Richard Stallman already said in the 80s that if users can't control their computing, the software makers will control the users. But general users have little interest or capability to control any computation.

So how are things changing? In my tech bubble I see a lot of anti-tech sentiment as it relates to modern tech companies' practices, the criticism of walled gardens, censorship, locked down devices etc. People who understand tech seem to want none of the smart home stuff, they keep their kids away from gadgets. The new status symbols are logging off and being physical, appreciating ancient literature etc. There's also a different type of tech person, the fan boy who is loyal to big tech brands, loves the prospect of the metaverse, fills his house with proprietary automation tech and lives his techiness via owning the latest iPhone at any given moment.

But nerds, tinkerers and tech enthusiasts don't matter so much in the big picture. The question is how the mass of consumers will react. Is there something in humanity which will reject the matrix and turn away from the algorithmic dopamine machine? Will people get exhausted or can the machine adapt and transform to keep people hooked?

I mean when have we ever seen large scale voluntary rejection of tech, except for deeply religious communities like the Amish or orthodox Jews? I don't really see a way around AI seeping into your coffee machine, your dishwasher, the fridge. Rejecting it might become a hobby for some upper class people, like having a fancy fireplace in your mansion just for the aesthetic. But for the gen pop...

People don't Münchhausen their way up to self-reliant rugged tough people without external pressure. There has to be a crisis big enough that it forces people.

On the other hand there's always some cyclicality to the generations. The sexual revolution, drugs, free love and tolerance led to metoo, low levels of risk taking and sex and drug consumption among young people, the wokescold moral police etc. But just as the original social rebels rejected conservative Christian moral authority, new generations may reject the DEI religion.

It cycles but stays the same. One can argue that the original matrix that made us prisoner slaves was agriculture and the settled life. That true life is living off the berries of the forest, fighting mammoths and facing the beasts of the night, and watching your children die, that that's what chisels a firm soul.

The heart flies high like this author's, but he, like many before, imagine some cataclysmic realization by humanity of their own need for true freedom and agency, but it never comes.

Is there something in humanity which will reject the matrix and turn away from the algorithmic dopamine machine?

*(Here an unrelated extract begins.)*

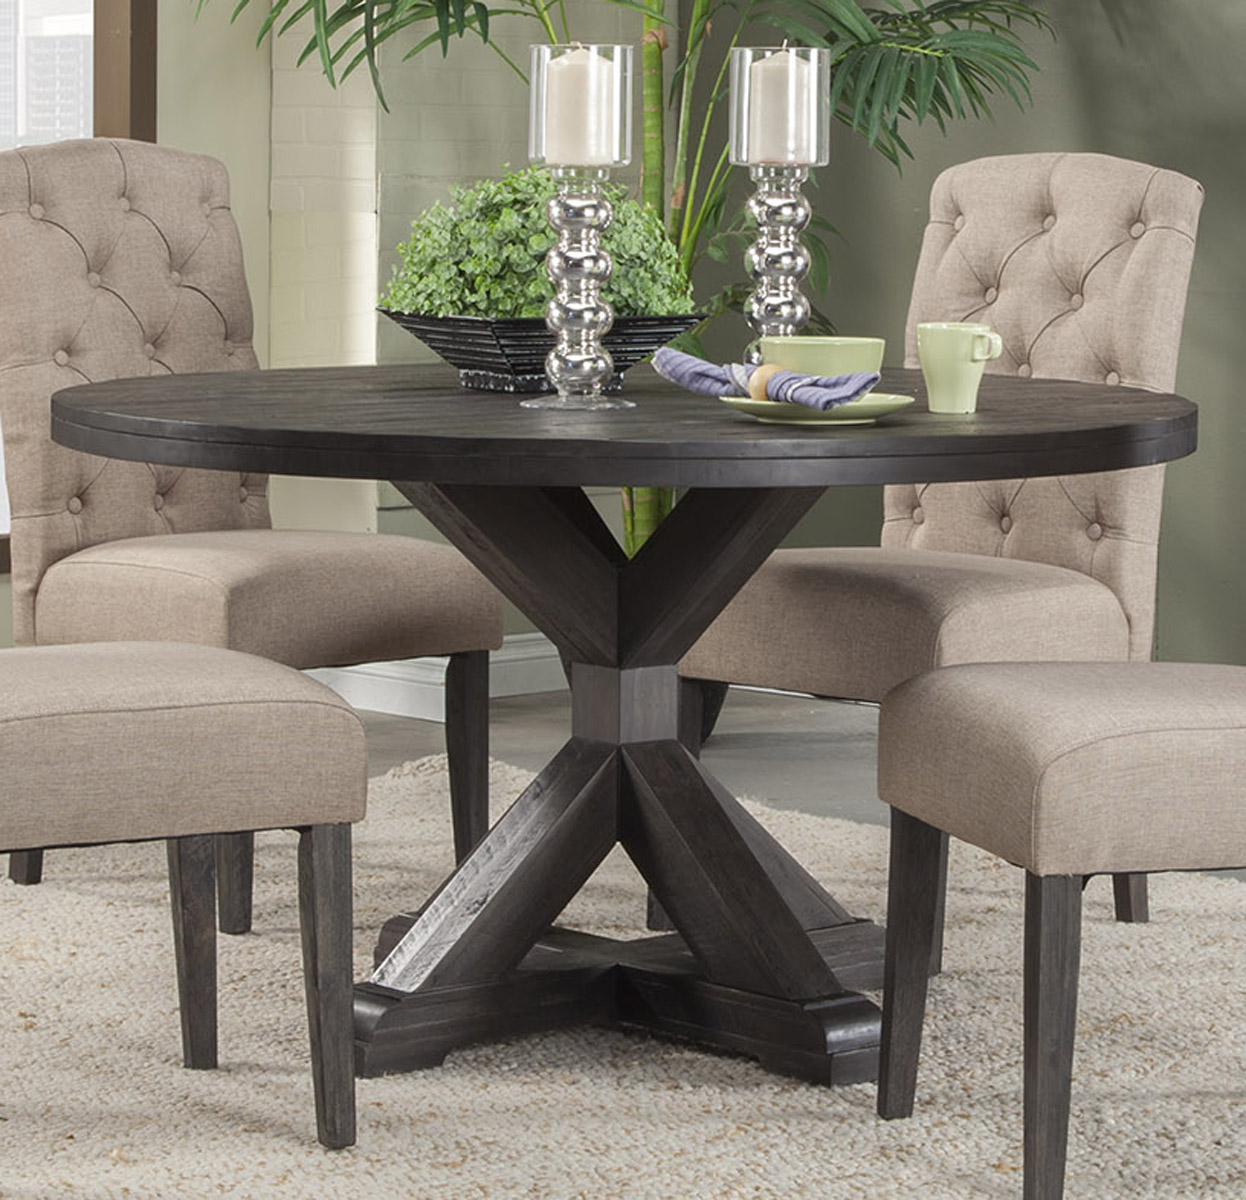 Alpine Furniture Newberry round dining table in old gray 1468-25 by EDIYURY

Will people get exhausted or can the machine adapt and transform to keep people hooked?

I think this is your central point. And I think the answer is yes, just like we tamed other unhealthy forces in our environment like alcohol or fast food. Meaning, my bet is that we'll develop social rituals, habits, taboos around software tech (social media first, probably) that will limit its unhealthy effects and eventually steer it toward something useful and acceptable. But we'll never be completely free of its side effects, just like we'll always lose people to alcohol or fast food.

That true life is living off the berries of the forest, fighting mammoths and facing the beasts of the night, and watching your children die, that that's what chisels a firm soul.

I don't think high tech and self-reliant ruggedness are at odds. Instead of fighting mammoths and faces the creepy crawlies at night, we're fighting against surveillance, addiction, and control. It's a very real fight for survival, perhaps less physical and more about soul/agency. But it's strenuous, demanding both instant action and long-term strategic thinking.

Maybe, just maybe, this is actually the escape hatch from our all too comfortable physical lives--being forced to fight for your the life of your soul and agency, your very humanity, against a growing, sly, unthinking machine.